Reputation: 107
I have a database I'm reading from excel as a pandas dataframe, and the dates come in Timestamp dtype
, but I need them to be in np.datetime64
, so that I can make calculations.
I am aware that the function pd.to_datetime()
and the astype(np.datetime64[ns])
method do work. However, I am unable to update my dataframe to yield this datatype, for whatever reason, using the code mentioned above.

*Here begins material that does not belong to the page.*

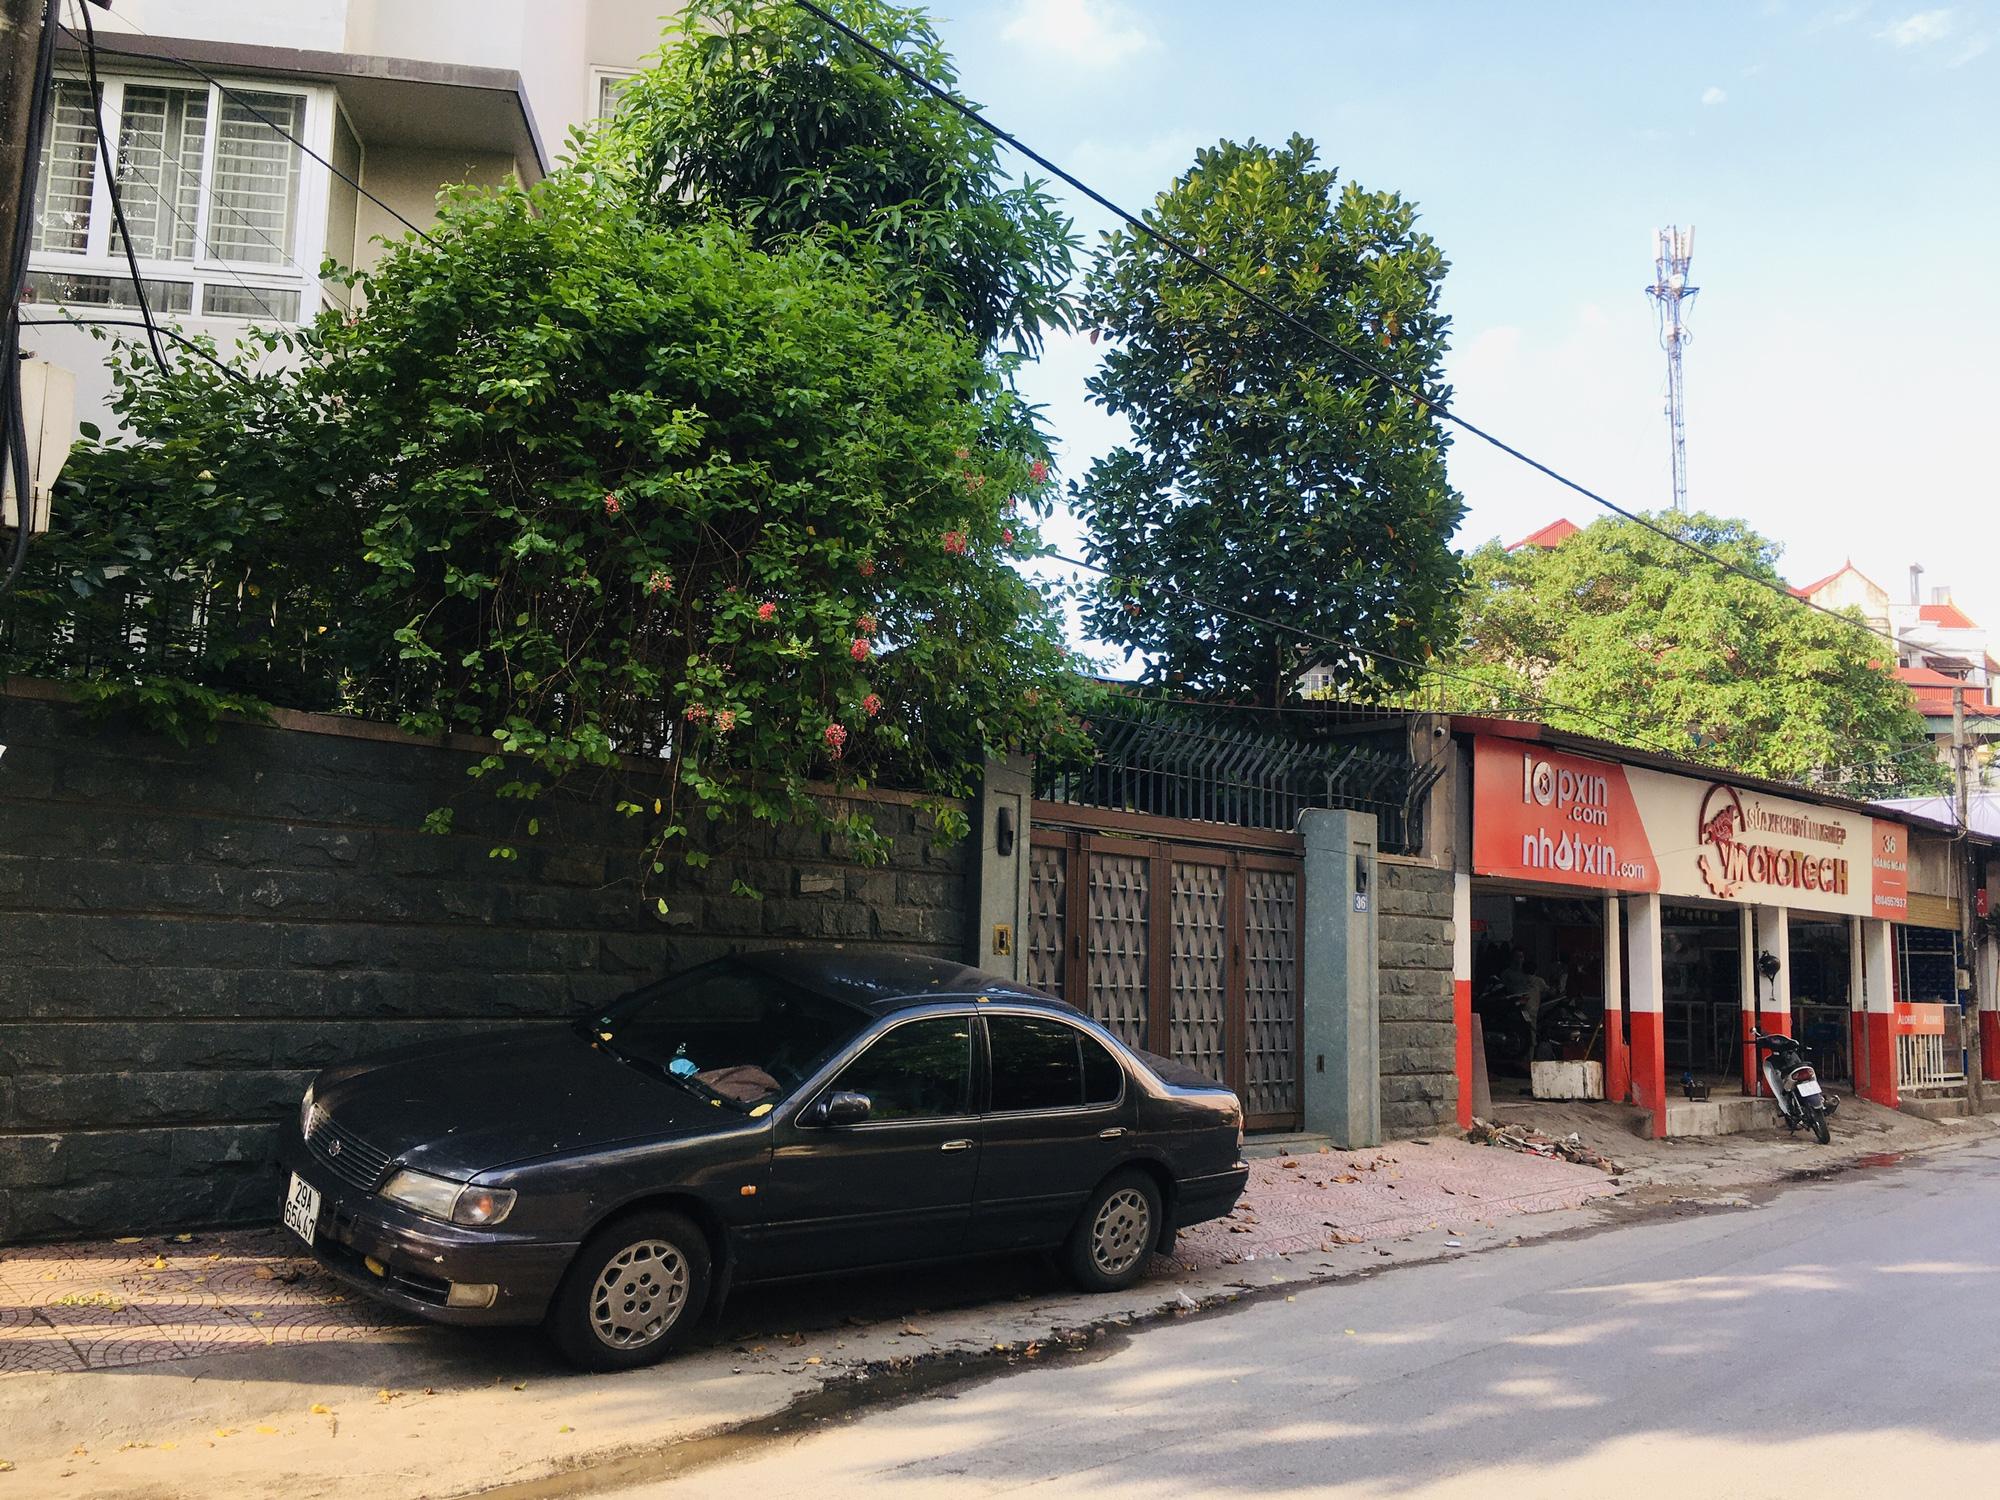 Những khu dính quy hoạch phường Trung Hòa, Cầu Giấy, Hà Nội (phần 2) - Ảnh 11.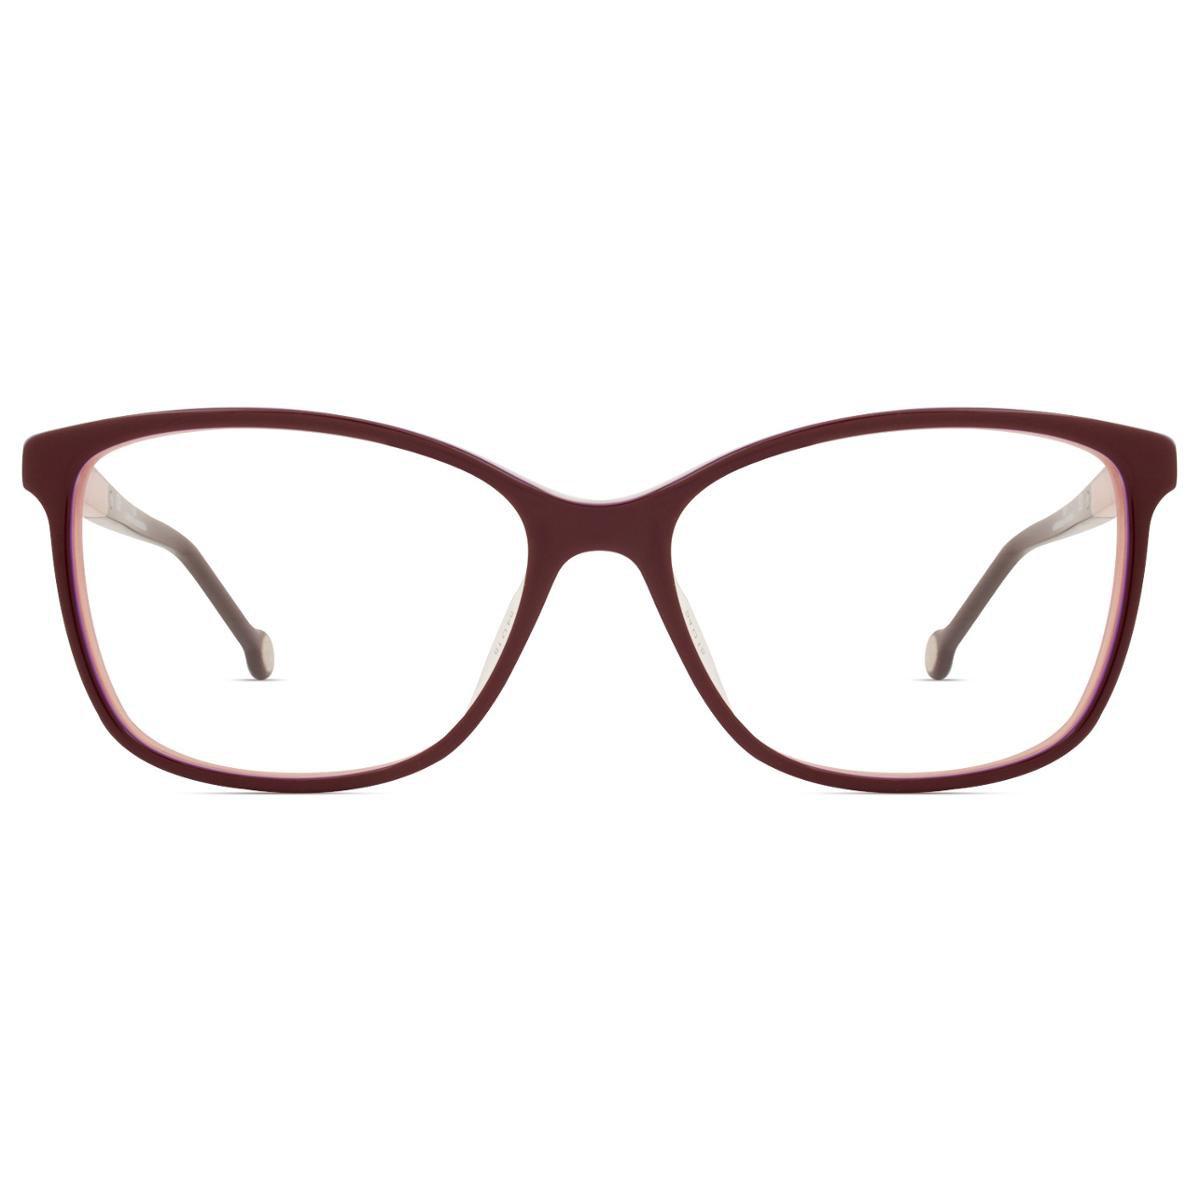 2351f79b8 Armação Óculos de Grau de Grau Carolina Herrera VHE672 0M56-54   Zattini

I have also tried creating an acessory dataframe from the original one, with just the dates that I wish to update the typing, converting it to np.datetime64
and plugging it back onto the original dataframe:
dfi = df['dates']
dfi = pd.to_datetime(dfi)
df['dates'] = dfi
But still it doesn't work. I have also tried updating values one by one:
arr_i = df.index
for i in range(len(arr_i)):
df.at[arri[l],'dates'].to_datetime64()
Edit
The root problem seems to be that the dtype
of the column gets updated to np.datetime64
, but somehow, when getting single values from within, they still have the dtype = Timestamp
Does anyone have a suggestion of a workaround that is fairly fast?
Upvotes: 1
Views: 2567
Reputation: 880787
Pandas tries to standardize all forms of datetimes by storing them as NumPy datetime64[ns] values when you assign them to a DataFrame. But when you try to access individual datetime64 values, they are returned as Timestamps.
There is a way to prevent this automatic conversion from happening however: Wrap the list of values in a Series of dtype object
:
import numpy as np
import pandas as pd
# create some dates, merely for example
dates = pd.date_range('2000-1-1', periods=10)
# convert the dates to a *list* of datetime64s
arr = list(dates.to_numpy())
# wrap the values you wish to protect in a Series of dtype object.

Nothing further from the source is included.